The knife slips in Obi-Wan’s hand and pain lances through his thumb. “Fucker,” he curses immediately and passionately, snatching his hand away from the board before any of his blood can drip onto the bell peppers.
“Oh, that looks nasty,” Ben says from much closer. “Here, I can—”
“Sign that NDA on the counter and get out,” Obi-Wan finishes for him, throwing the knife into the sink and turning it on to clear the blood off his cut.
There’s silence behind him. “You’re not very friendly,” Ben finally observes, but he’s moved further away and there’s the rustle of paper.
“It’s not in my job description to be friendly,” Obi-Wan retorts, bending down and rifling through a low cabinet for the kitchen first aid he keeps there. Oh, this is Anakin’s penthouse, but everything is organized to Obi-Wan’s taste.
It’s easy to find the bandages and anti-bacterial gel, and he fixes himself up before Ben has even finished initialing all the boxes.
He cracks the eggs into a mixing bowl instead of looking at the man after he glances towards him and sees the trail of red bite marks along his throat.
“So you are Obi-Wan, right?” Ben asks.
Obi-Wan doesn’t say anything for several seconds.
“I just signed the NDA, mate, I’m not going to say anything, I’m pretty sure you’d take me for all I have and put me in the hospital.”
“Yeah,” Obi-Wan says, and waits another moment before clarifying. “I’m Obi-Wan.”
“Then you should know,” Ben says, shifting as he puts down the pen and probably shrugs on his coat. “He didn’t actually call me anything but my name during sex.”
“Fantastic,” Obi-Wan tells him. “Congratulations.”
“But afterwards,” Ben continues, like he hasn’t spoken. “He asked me to hold him and stroke his hair. He was pretty out of it, so I did. That’s when he called me Obi-Wan, not during the sex, but when I was just…holding him. I think some people call it aftercare? I don’t know. Just thought, you know. You should know.”
Obi-Wan grunts, clenching and unclenching his jaw, trying and failing to find words. For someone who didn’t want to be involved in this, he sure has a lot of fucking opinions.
“I’m going, I’m going,” Ben says. “Kiss him goodbye for me though.”
Obi-Wan swings his head around to glare at the other man, who throws his head back on a laugh at his expression. He points wordlessly to the door, and the man waves him away, already walking that way.
Once alone, Obi-Wan swings back to the omelette ingredients in front of him.

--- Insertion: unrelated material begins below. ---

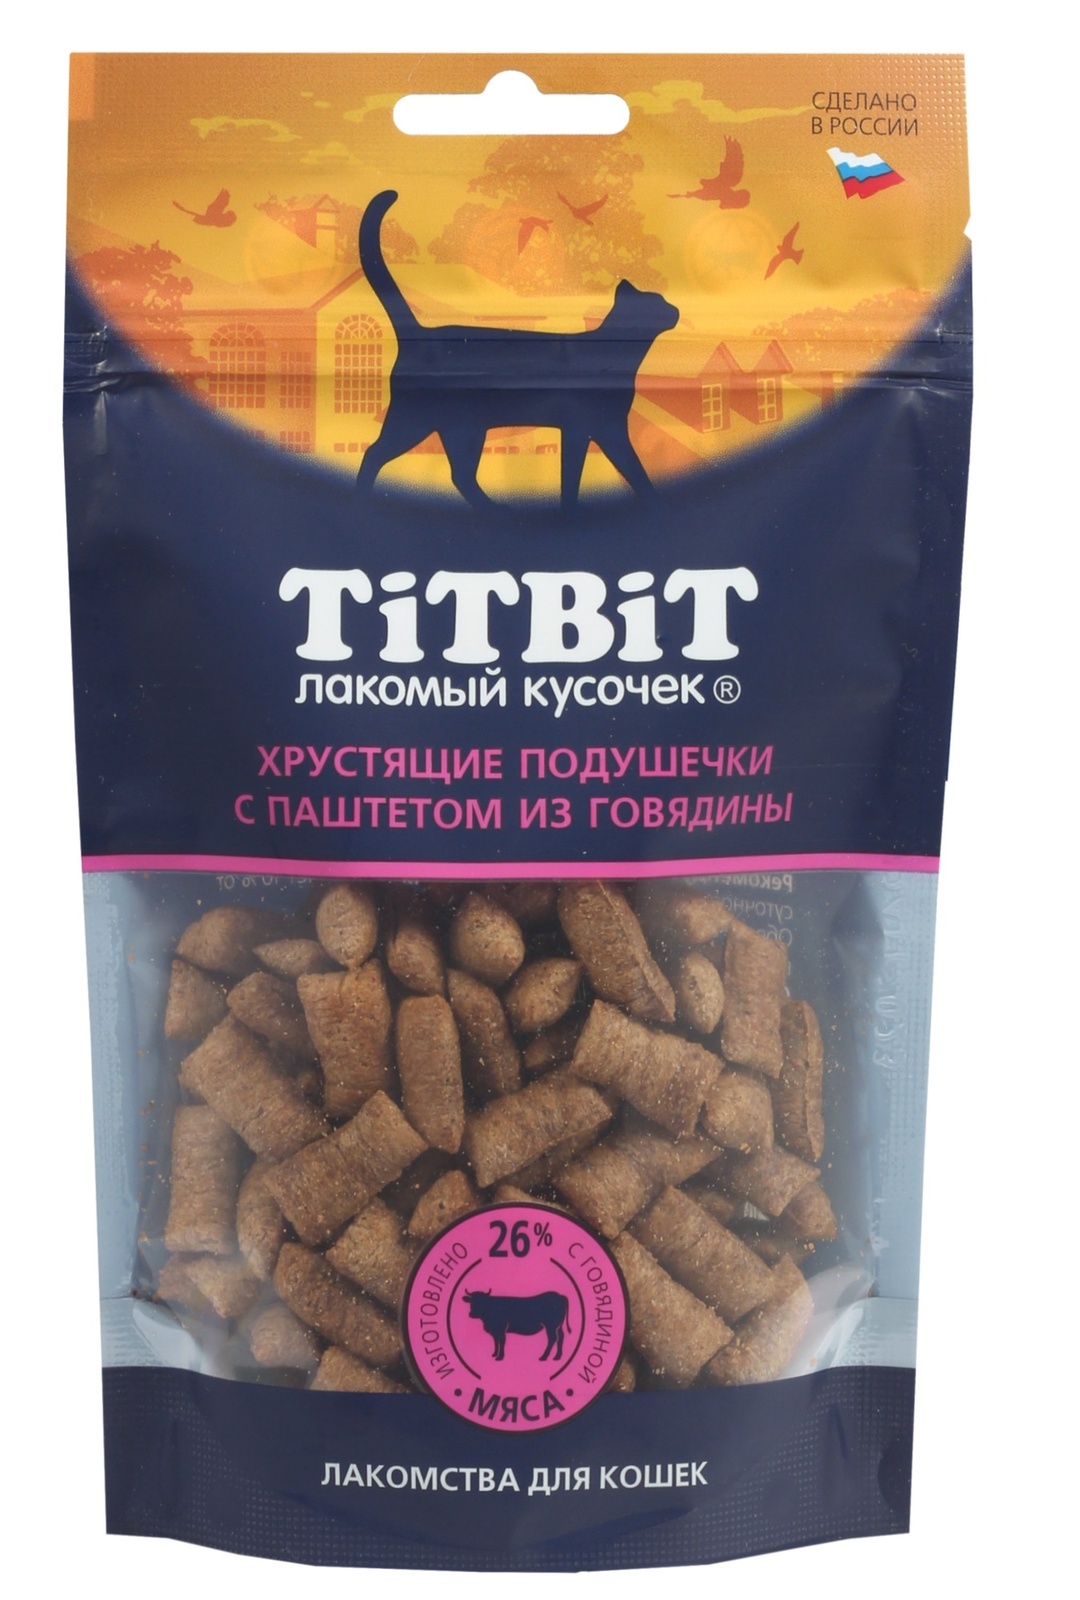 TiTBiT TiTBiT хрустящие подушечки для кошек с паштетом из говядины (60 г) titbit titbit хрустящие подушечки для кошек с говядиной для выведения шерсти 60 г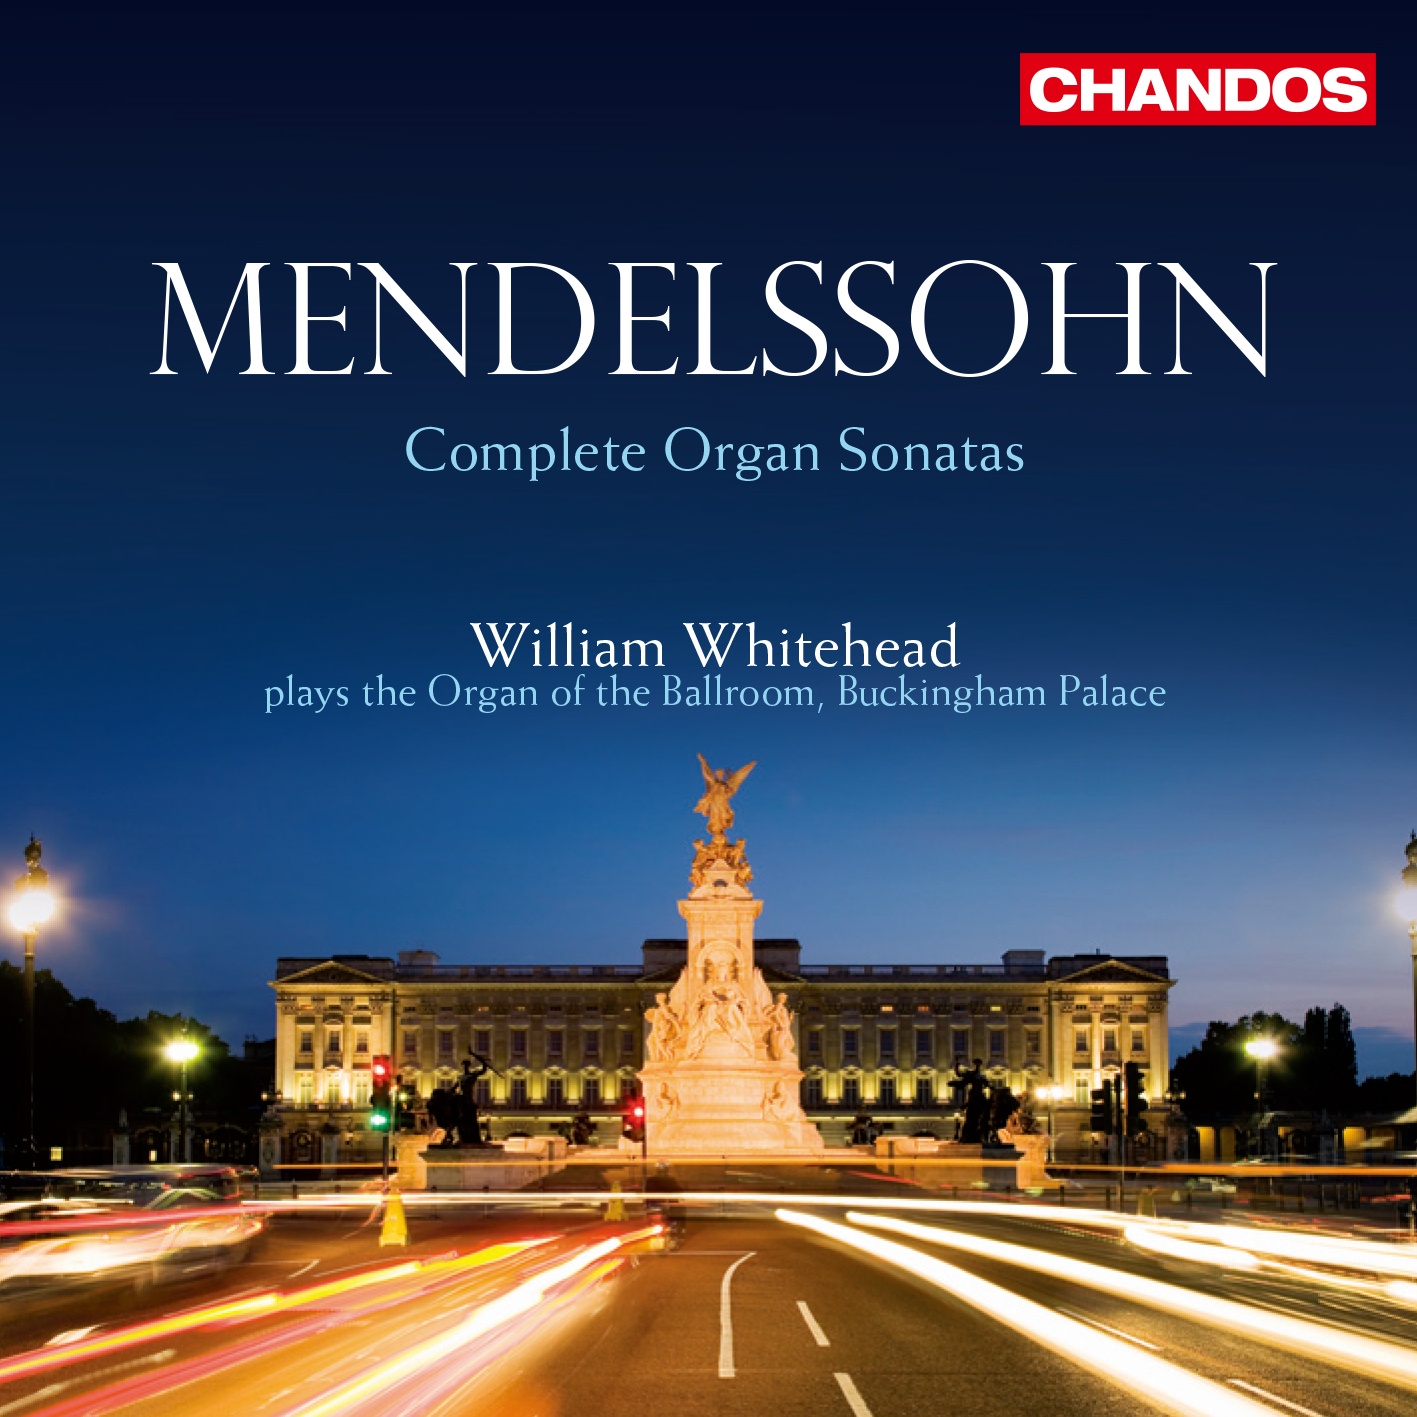 Felix Mendelssohn: Organ Sonata No. 4 in B flat major, Op. 65/4 - 4. Allegro maestoso e vivace

He doesn’t know what to do with that information. With the—with—
“He was pretty out of it, so I did. That’s when he called me Obi-Wan. Not during the sex, but when I was just…holding him. I think some people call it aftercare? I don’t know.”
Obi-Wan makes a conscious effort to unclench his jaw. It’s too early in the morning for this, to think about this and figure out what feelings are thrashing around in his gut.
He does, however, scoop the chopped green bell pepper bits and throw them in the trash can.
He doesn’t, however, allow himself to think about why.